Subjective versus objective dental side effects from oral sleep apnea appliances

Marie Marklund 1,
PMCID: PMC7127988  PMID: 31044371

Abstract

Purpose

Occlusal changes are common during long-term treatment with oral appliances (OAs) for sleep apnea. The aim of the present study was to compare subjectively reported bite changes with objective findings.

Methods

Consecutive adherent treated patients were asked to participate in this study. The patients responded to two questionnaires using numeric visual analogue scales (VAS), ranging from 0 (not at all) to 10 (very much). The first questionnaire included open questions and the second questionnaire comprised specific questions about side effects. Measurements of overjet, overbite, and space for the teeth were made on plaster casts taken before treatment start and at follow-up.

Results

Thirty-eight (12 women) patients with a median age of 64 years (interquartile range (IQR) 57 to 69 years) and a median treatment time of 9.5 years (IQR 5.8 to 14.3 years) were included. Overjet, overbite, the molar relationship, and the irregularity of the lower front teeth had changed significantly during treatment. There were no associations between any of the patients’ responses and the objectively measured bite changes. Younger patients, those with a small baseline overjet or overbite and those who developed an anterior crossbite were more likely to report bite changes.

Conclusions

Patients who choose to continue long-term treatment with oral appliances for sleep apnea are unaware of various types of bite changes. Such changes will, however, progressively increase in magnitude and be more difficult to take care of, if needed. It is therefore important continuously to follow up patients in regard to bite changes.

Keywords: Oral appliance, Mandibular advancement device, Mandibular repositioning appliance, Mandibular advancement splint, Side-effects

Introduction

Occlusal changes are common during long-term treatment with oral appliances (OAs) for sleep apnea [1, 2], but patients more seldom complain of any dental side effects [312].

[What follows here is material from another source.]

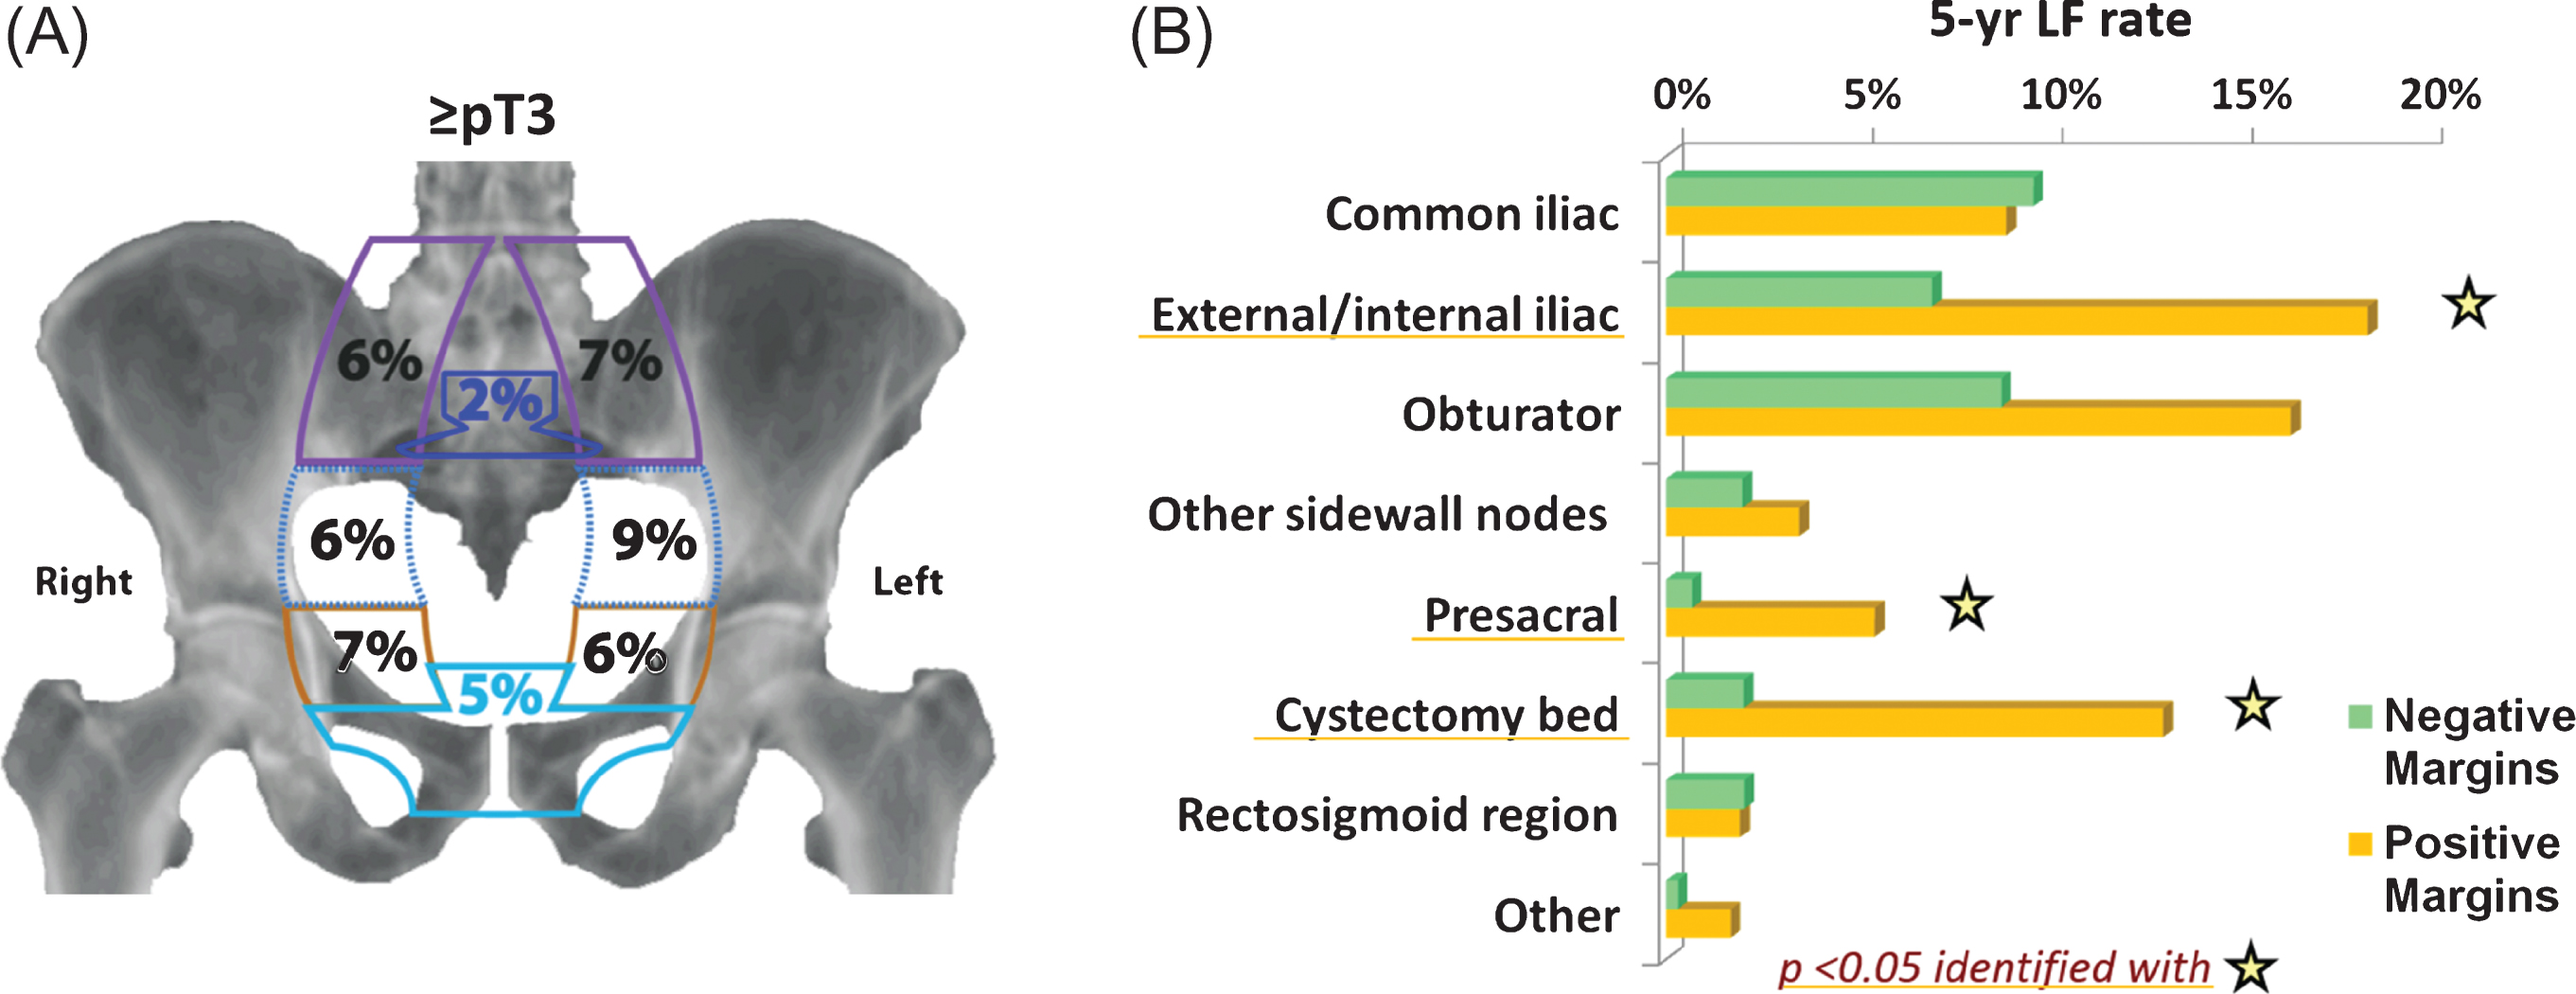 (A) Five year cumulative incidence of local-regional failure by location of recurrence for stage ≥pT3 patients. Local-regional failures were defined as recurrences in the pelvic lymph nodes or soft tissues before or within 3 months of evidence of distant failure. The pelvic sidewall nodes are the common iliac, external/internal iliac, and obturator nodes (from top to bottom). The structures in the middle of the pelvis are the presacral nodal region (superiorly) and the cystectomy bed. (B) Five year cumulative incidence of local-regional failure by site for ≥pT3 patients with positive vs. negative surgical margins.

The nightly anterior repositioning of the lower jaw with an oral appliance will produce distally directed forces on the upper teeth and anteriorly directed ones on the lower teeth [13]. The molars in the posterior parts of the dentition will reposition into a more class III relationship, and the changed inclinations of the front teeth will decrease the overjet and the overbite (Fig. 1) [1, 2]. The teeth may have more space [1417] or become more crowded [18].

Fig. 1.

Fig. 1

Illustration of overjet, overbite, and molar relationship measurements and expected bite change

Patients less frequently report occlusal changes than objective findings reveal according to studies that have included both objective and subjective assessments [312]. Between 2% and 45% of patients report occlusal changes after 1 to 6 years, despite the fact that all the studies have found significant reductions in overjet and overbite [312]. Up to 86% of the patients have been seen to develop objectively measured occlusal changes after 5 years’ treatment, according to another study [14]. It is, however, unknown whether patients’ reports of bite changes are the same as the objectively measured findings.

The aim of the present study was to compare subjectively reported bite changes with objective findings in patients who choose to continue long-term oral appliance therapy.

Methods

Study design

Consecutively followed up patients from a retrospective sample answered questionnaires in order to evaluate whether patients were able to detect bite changes of various types. Patients’ reports of bite changes were compared with objective measurements on study casts. The study protocol was approved by the ethics review board at Umea University, EPN-2015/291-31, and all the patients gave their written informed consent. The sample size was estimated at least 14 patients in each group of patients who had experienced subjective bite changes and those who had not, in order to detect a difference in overjet reduction of ≥ 1 mm with a power of 0.8 and a p value of less than 0.05.

Study sample

Consecutive patients who came for a follow-up and appliance replacement after at least 3 years’ treatment were asked to participate in this study. Exclusion criteria: 50% of the nights or less use of the appliance; dementia or physical illness that prevented participation in the study; insufficient quality of initial study casts; unwillingness to participate. The patients were assessed for eligibility between September and December 2015 and between March and May 2017. The patients had to be included during two time spans of consecutively followed up patients because of time constraints at the clinic.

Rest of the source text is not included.